Parto, Eduardo Bárcenas.
A la memoria de Ligia Olivieri
Donde el cuco
desaparece
hay una isla
Basho
Hay una isla
en la
oscuridad y tú estarás allí…
Mark
Strand
Llevo
tiempo aquí, en esta isla. Ya no sé si quiero volver a casa y no sé si puedo
volver. De cómo llegué aquí recuerdo un antecedente en mi vida; por eso me
pregunto, pese a las diferencias de las circunstancias, si aquella vez
prefiguraba a ésta.
Aquella vez era un martes cerca del mediodía
y yo vagaba por el centro de la ciudad, paseando el tedio y el sinsentido sin
posibilidad de entrar a un bar o regalarme el cariño pagado y peregrino de una
puta, cuando me encontré con Benito Briceño y José Espinoza, dos amigos que
alguna vez me presentó mi primo Roberto. Son dos tipos sin profesión ni oficio
determinado, pero se hacen llamar ingenieros y se dedican a contratar con
instituciones del estado para cuanto ellas requieran: pueden vender desde una
caja de bolígrafos hasta equipos de oficina y construir, con personal a su mando,
carreteras, puentes, galpones y estadios de pueblos. Ya estaban achispados y
por eso dadores de una amistad eufórica y generosa. Me invitaron a almorzar y
entramos a uno de esos comederos concurridos, bulliciosos, baratos y
frecuentados por toda clase de gente. Lo menos que pidieron fue comida. Las
tandas de cervezas se sucedieron rápidas y sin reparos: después de quién sabe
cuántas aparecieron en la mesa un plato de pepitonas picantes y unas galletas
de soda. Fue lo único que comimos y mi estómago estragado y mi cerebro embotado
más supieron de cervezas y cigarrillos como si no hubiese más nada en la vida
que saborear.
A
eso de las cinco de la tarde (supuse por el ajetreo de la ciudad) tomamos un
taxi que entre colas y frecuentes mentadas de madre nos llevó a la casa de José
Espinoza en un barrio inmediato al cementerio viejo de la ciudad. El anfitrión
se dedicó a poner boleros en un reproductor de discos compactos, a servir
taquitos de queso llanero, rebanadas de pan campesino y tragos de un ron oriental,
supuestamente parecido al brandy, pero a mí me supo a cualquier lavagallos.

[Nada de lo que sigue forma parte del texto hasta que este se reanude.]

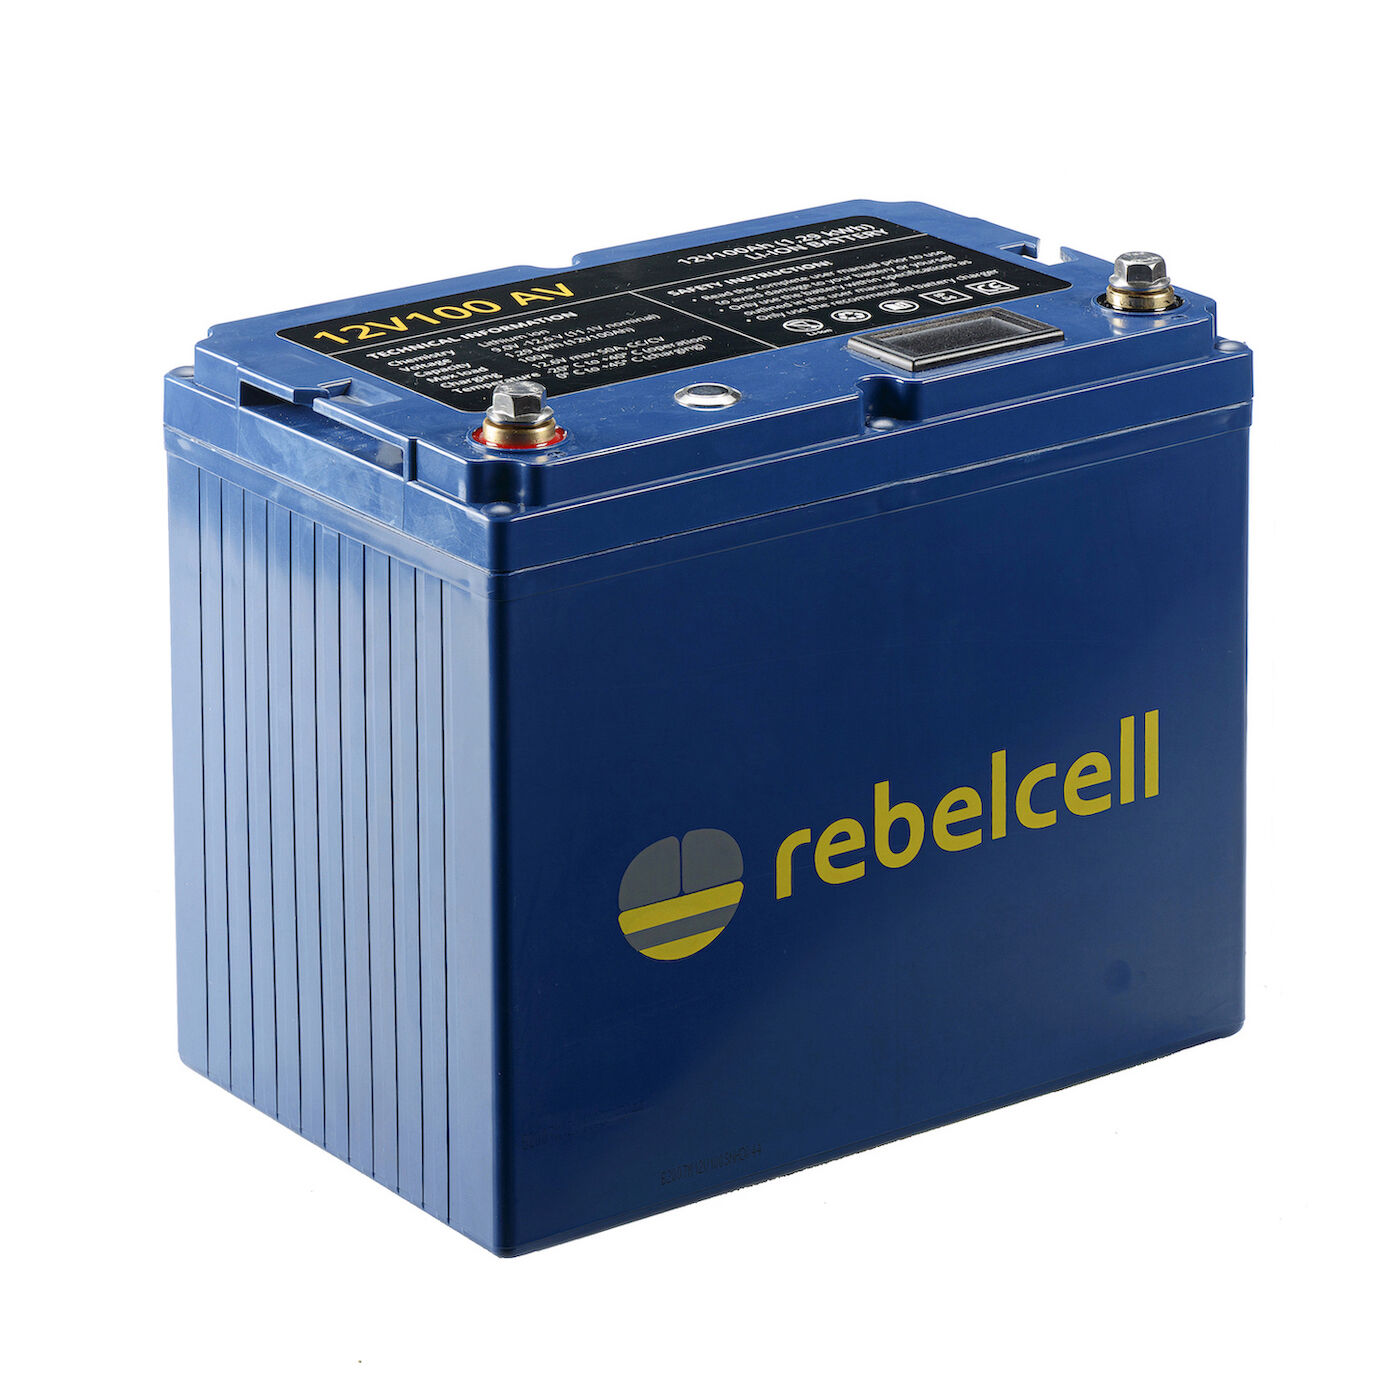 RebelCell 12V100 AV Lithium Batterie (12V 100Ah) 1,29kWh

Estábamos en el porche de la casa y nos separaba de la calle un angosto jardín
de matas resecas y una verja baja de rejas oxidadas y columnas de concreto
apenas frisadas. No sé a qué hora ni por qué, pero ya era de noche, se me
antojó marcharme y no estaba ni borracho ni del todo sobrio, pero estaba en una
especie de nube de indiferencia y lejanía en la cual ni la música ni los
chistes ni las parrafadas politiqueras de José y Benito parecían provenir de un
mundo cotidiano y necesario para la tranquilidad. Y aproveché que uno fue al
baño y el otro a buscar más para picar y me escapé a la calle, abriendo la reja
de la verja sin vueltas de llave, y caminé a capricho porque no sabía bien
dónde estaba ni cómo llegar desde allí hasta mi casa, la casa de mis padres.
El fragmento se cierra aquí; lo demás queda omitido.